If you want to pin `EMBEDDING_RULEBOOK_PATH` explicitly in your shell profile:

```bash
export EMBEDDING_RULEBOOK_PATH="$(labenv-embedding-cache-path rulebook)"
```

Then reload shell:

```bash
source ~/.zshrc
```

## Legacy cache compatibility index (temporary)

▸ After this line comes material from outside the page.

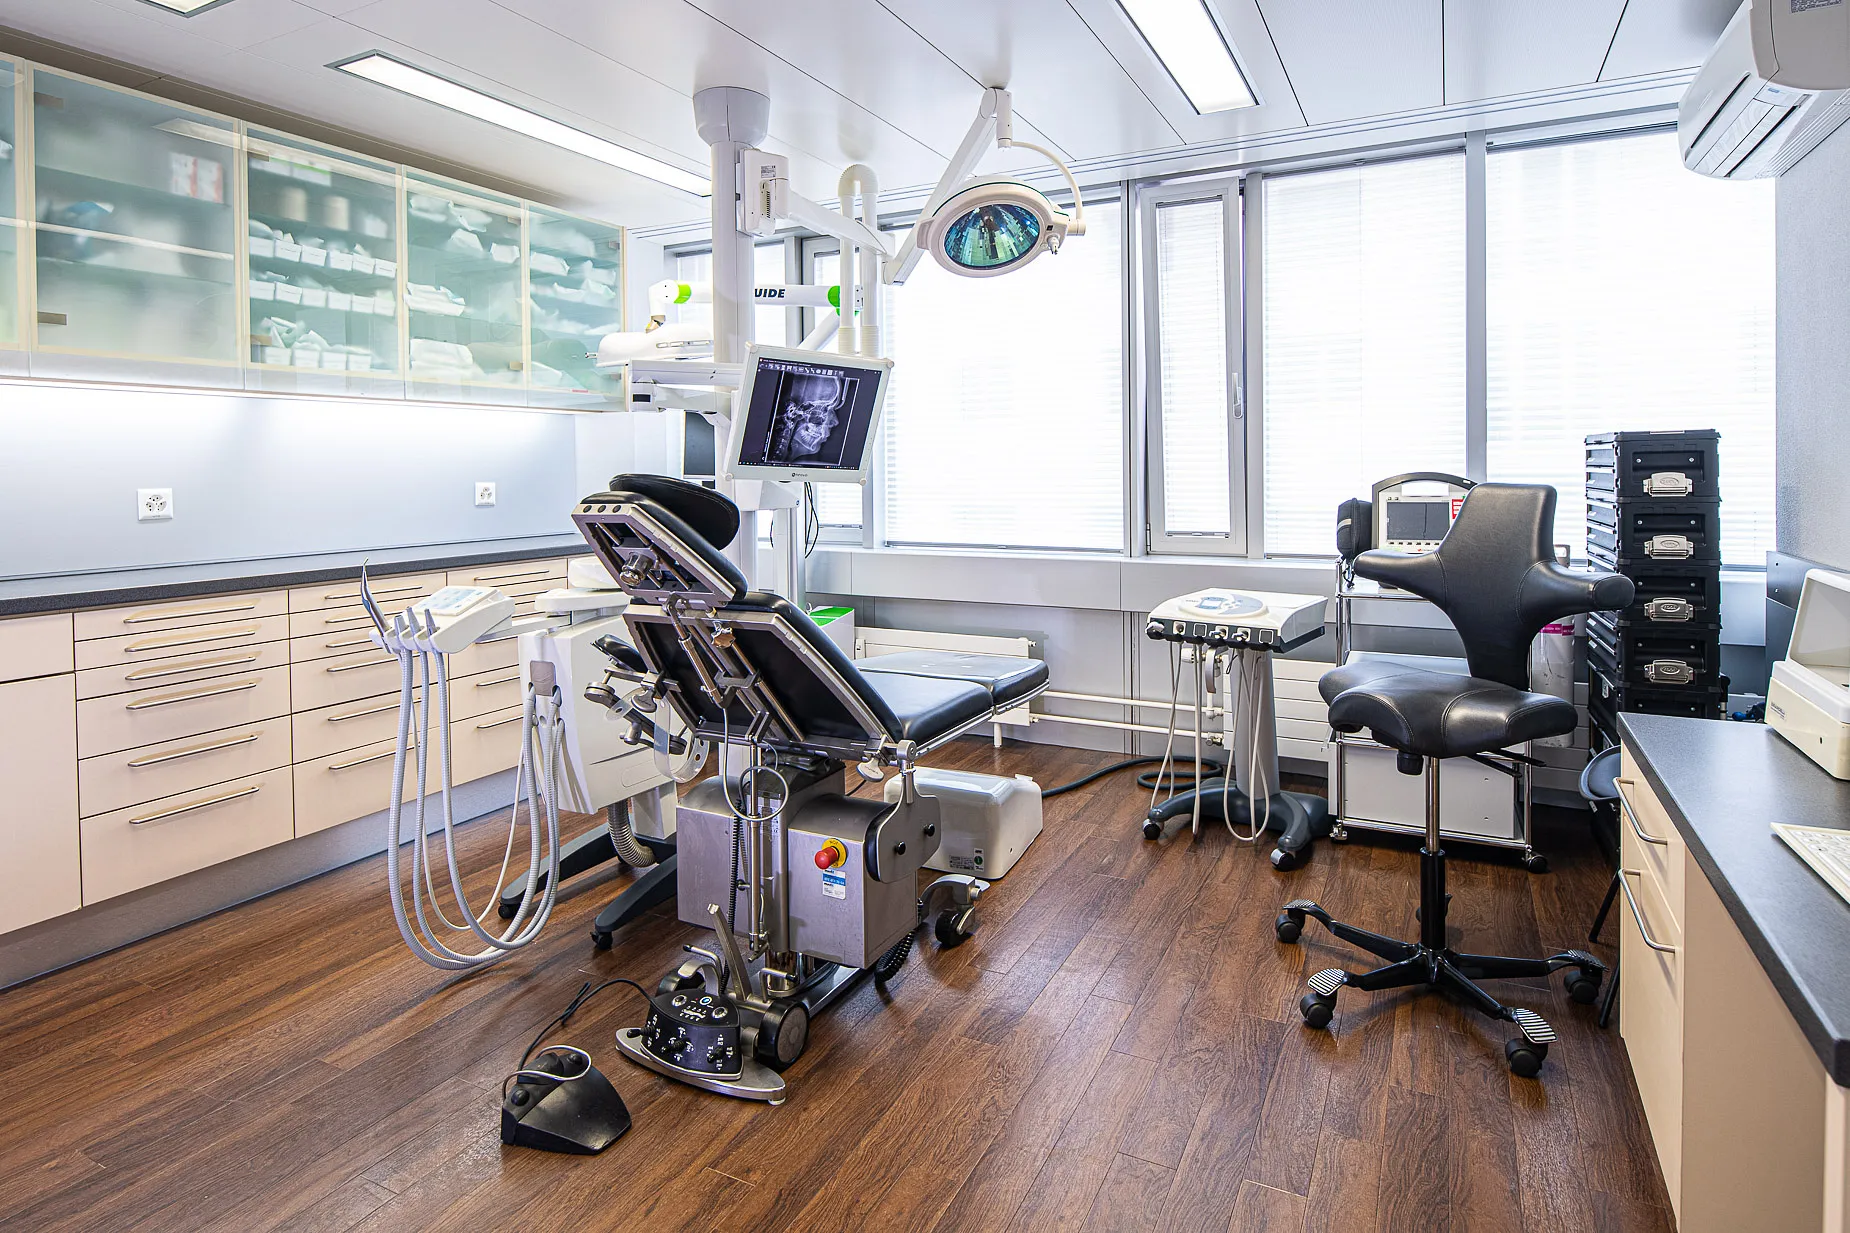 Zahnarzt Team Luzern | Dr. Markus Schulte

Build a read-only index for existing `lm/**` cache files:

```bash
labenv-embedding-cache index-build --cache-dir /work/$USER/data/embedding_cache
```

Show index stats:

```bash
labenv-embedding-cache index-stats --cache-dir /work/$USER/data/embedding_cache
```

Verify whether request manifests can be served without regeneration:

```bash
labenv-embedding-cache verify-requests --requests /path/to/request_manifest.jsonl --min-selected-models 2
```

Build request manifest rows from canonical metadata in Python:

```python
import labenv_embedding_cache as lec

record = lec.build_request_manifest_entry(
    dataset_name="ag_news",
    model_id="bert",
    model_name="bert-base-uncased",
    expected_cache_path="/work/$USER/data/embedding_cache/lm/bert-base-uncased/ag_news__x.npz",
    metadata=metadata,
)
```

Export a lock payload for CI/DVC (`policy digest + index + optional verify report`):

```bash
labenv-embedding-cache lock-export \
  --cache-dir /work/$USER/data/embedding_cache \
  --requests /path/to/request_manifest.jsonl \
  --output /work/$USER/data/embedding_cache/.labenv/lock.json \
  --min-selected-models 2
```

Index file location:
- `${EMBEDDING_CACHE_DIR}/.labenv/index_v1.jsonl`

Compatibility is controlled by rulebook:
- `compatibility.legacy_index.enabled`
- `compatibility.legacy_index.sunset_date`
- `compatibility.legacy_index.require_ids_sha256_match`

Identity expansion is controlled by spec:
- `identity.profiles.default.hard_fields`
- `identity.profiles.default.soft_fields`
- `identity.profiles.default.defaults`
- `identity.profiles.default.legacy_match_policy`

## Quick usage

```python
from labenv_embedding_cache.api import get_or_compute_embeddings

vectors, resolution = get_or_compute_embeddings(
    cfg,
    texts,
    ids,
    labels=labels,
    compute_embeddings=my_backend_compute_fn,
)
print(resolution.cache_path, resolution.was_cache_hit)
```

## Docker / Docker Compose (env1-env4)

Compose files match the `labenv_config/envkit-templates` profiles (env1_a6000/env2_3090/env3_cc21_a100/env4_cc21_cpu):
- env1: `nvcr.io/nvidia/pytorch:25.02-py3`
- env2: `nvcr.io/nvidia/pytorch:25.09-py3`
- env3: `nvcr.io/nvidia/pytorch:23.10-py3`
- env4: `python:3.11-slim`

Examples:

```bash
docker compose -f docker/compose.env1.yaml run --rm app python tools/embedding_cache_smoketest.py --backend dummy
docker compose -f docker/compose.env4.yaml run --rm app python tools/embedding_smoketest.py --backend transformers
# debugpy (port publish requires --service-ports)
docker compose -f docker/compose.env1.yaml run --rm --service-ports app python tools/embedding_cache_smoketest.py --backend dummy --debugpy --wait-for-client
```

## Sweep utility

Create a stable, line-based sweep list file:

```bash
python tools/make_sweep_list.py --glob "configs/sweep/*.yaml" --out sweep.txt --root .
```

## Per-project Codex usage
In each project, paste `CODEX_PROMPT.md` (or add equivalent guidance in `AGENTS.md`) so Codex always aligns with this policy.
For cross-project rollout requests, use `PROJECT_MIGRATION_PROMPT.md`.

## Automation runbook
- Runtime-aware automation prompt: `docs/AUTOMATION_PROMPT_RUNTIME_AWARE.md`
- Copy/paste execution checklist: `docs/AUTOMATION_EXECUTION_CHECKLIST.md`
- Pre-filled ready-to-run checklist: `docs/AUTOMATION_EXECUTION_CHECKLIST_READY.md`
- What to place in central/downstream/runtime repos: `docs/REPO_AUTOMATION_ASSETS.md`

## Updating shared standards
1. Edit `embedding_rulebook.yaml`, `embedding_registry.yaml`, and/or `embedding_cache_spec.yaml`.
2. In each project, run its embedding-cache validation/tests.
3. If schema behavior changes, bump `identity.version` in `embedding_rulebook.yaml`.